The dataset was downloaded and integrated into the application's database.
Interaktyvus Rytų Prūsijos žemėlapis IV (Prusijalit)
The
Interaktyvus Rytų Prūsijos žemėlapis IV dataset was published by the Lietuvių kalbos institutas (Lithuanian Language Institute). It contains approximately 300 entities representing settlements located in the former East Prussia, with their Lithuanian, German, and optionally Russian and Polish names, along with coordinates.
The dataset was downloaded and then integrated into the application's database.
Unified search across gazetteers
The application enables the user to simultaneously query multiple gazetteers with one search request in a unified manner. This makes it easier to work with several databases, since they can normally only be searched individually and not even with uniform criteria, because each has its own search behavior.
The gazetteers.net project team considers a flexible word / name search (i.e. selecting entities based on their names) and a geographical search (i.e. filtering entities based on their coordinates) the core search filters. Additionally it is possible to use a settlement type filter (Note: Due to the properties of and differences in the gazetteers' type systems, this filter is only an approximation, especially concerning the GND data). These three aspects can be combined, where the name filter is mandatory and the others are optional. These filters can be applied to all gazetteers resulting in a consistent, uniform behavior. Other filters that can't be queried for across all gazetteers are not provided.

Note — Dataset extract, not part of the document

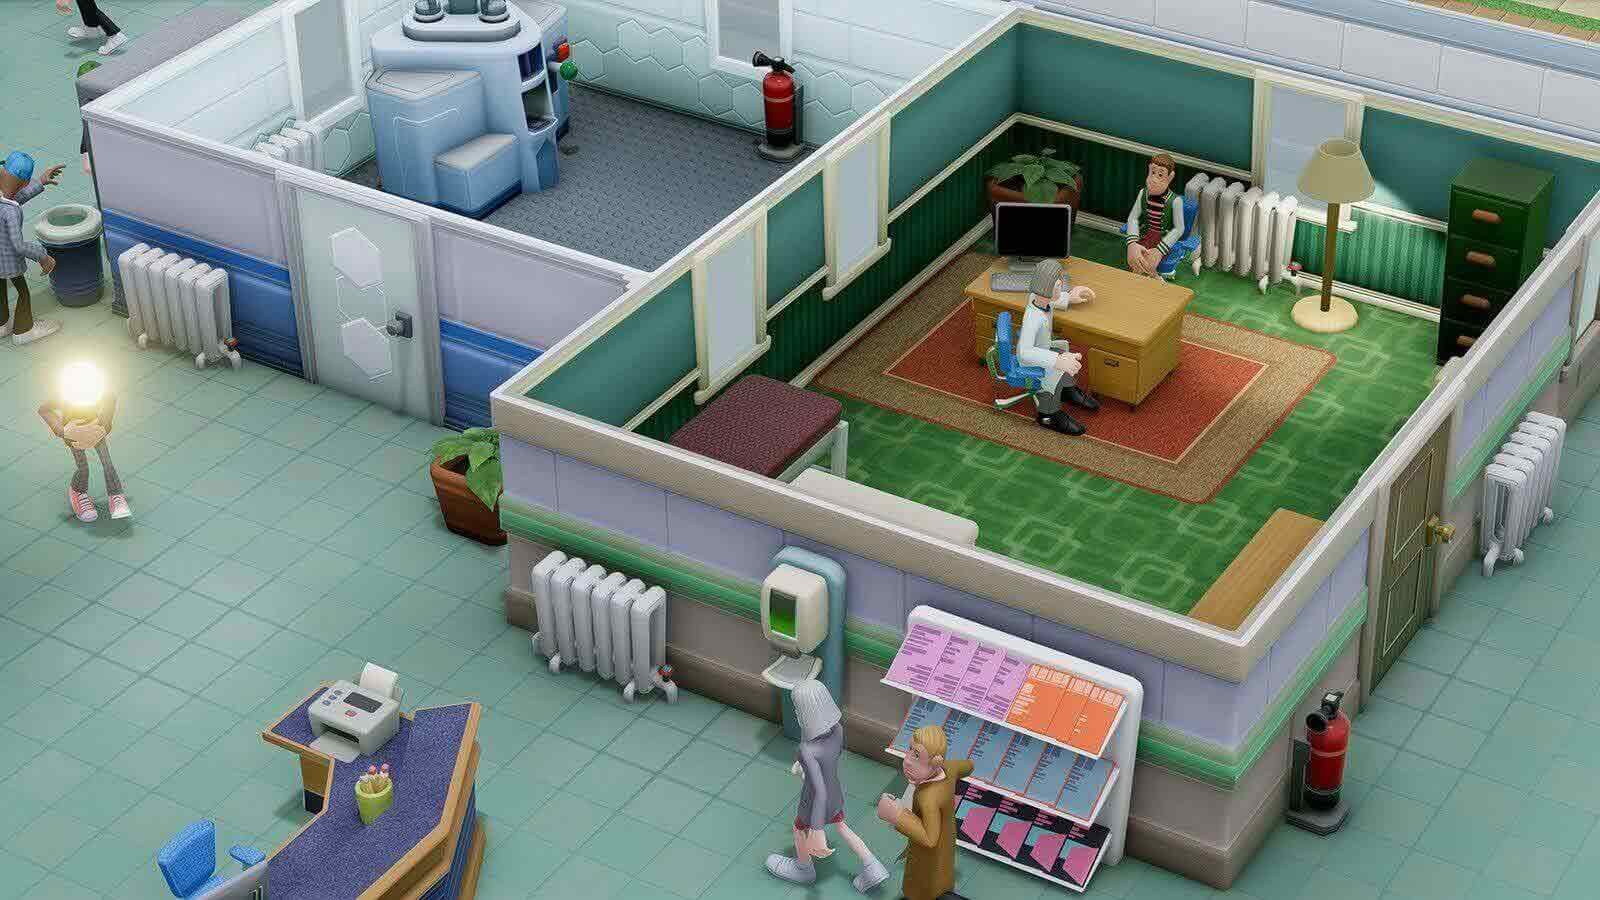 Two-Point-Hospital-โรงพยาบาลเพี้ยน-สุดฮา2
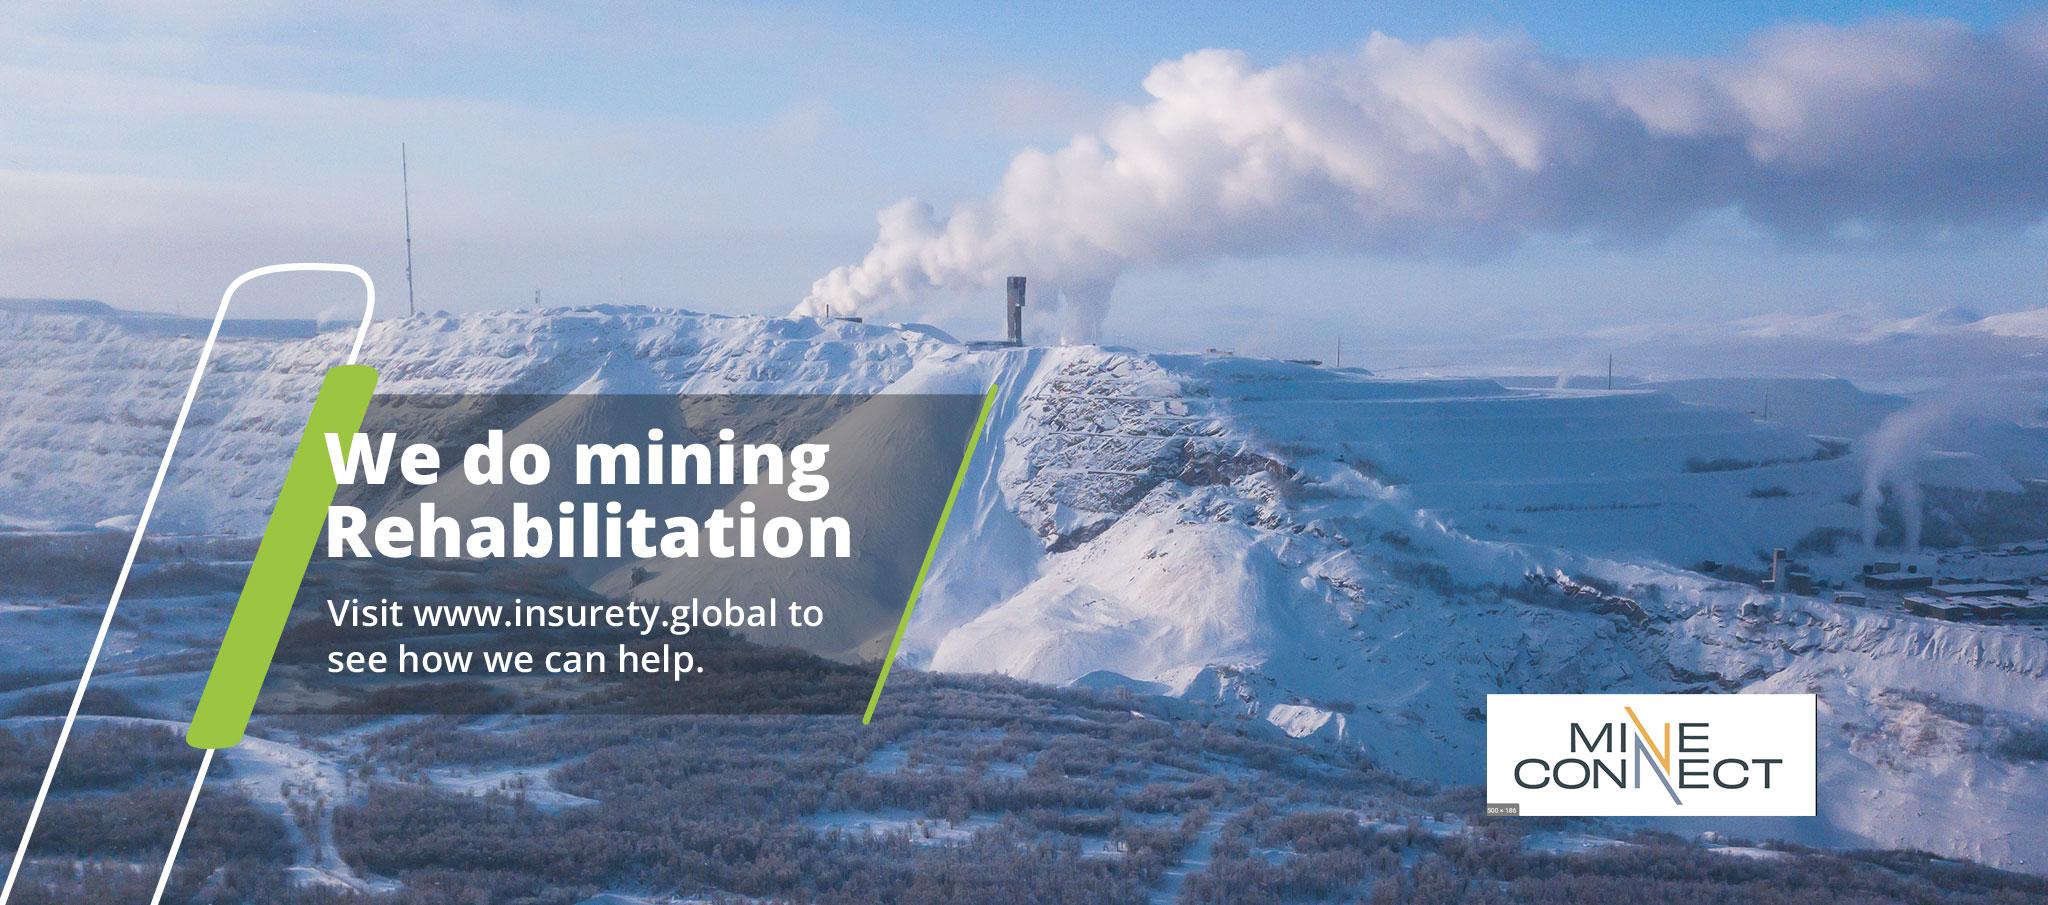 Mining Rehabilitation Insurety

The search is consistent across all integrated databases, i.e. the query is processed the same way for all gazetteers, e.g. concerning the handling of wildcards and diacritics. The user can easily choose a desired search behavior.
Name search
The name search is applied to all names of the entities of all selected gazetteers. The user can optionally set a name search scope and use wildcards. The search is always permissive regarding case and diacritics. Currently the name search is restricted to latin-based characters including letters with diacritics etc.
Name search scope
The user can choose if a name search is applied to every word in a name or only to the whole name. The search can either be permissive or restrictive in that respect.
In case of the permissive "match word in name" (which is the the default setting) the search phrase is applied to every single word of a name, i.e. it only needs to match a word contained in a name to include the entity in the result set. In case of "match whole name" the search phrase must match the entire name.
GOV contains an entity named "Wrocław", one named "Wrocław Gądów", and a third with the named "Bielany Wrocławskie".
The user searches for "Wrocław" and the name search scope is left unchanged, i.e. it is set to "match word in name".
> The result set contains the entity named "Wrocław" as well as the one named "Wrocław Gądów", because in both names there is a matching word; however it does not return "Bielany Wrocławskie" (this would require a wildcard search).
The user searches for "Wrocław" and the name search scope is set to "match whole name".
> The result set contains the entity "Wrocław", but neither the "Wrocław Gądów" nor the "Bielany Wrocławskie" entity.
The third option is to set the name search scope to "original search". In that case every search behavior of a live request (i.e. a request against GeoNames, GOV, or GND) is left as-is.
Wildcards
In case of a unified search, i.e. the name search scope is set to "match word in name" or "match whole name", the user can use wildcards (by using the Asterisk symbol *). Note that a wildcard cannot not be used as the leading character.
As mentioned in the above example, GOV contains three entities, "Wrocław", "Wrocław Gądów", and "Bielany Wrocławskie".
The user searches for "Wrocław*" and the name search scope is the default setting, i.e. "match word in name".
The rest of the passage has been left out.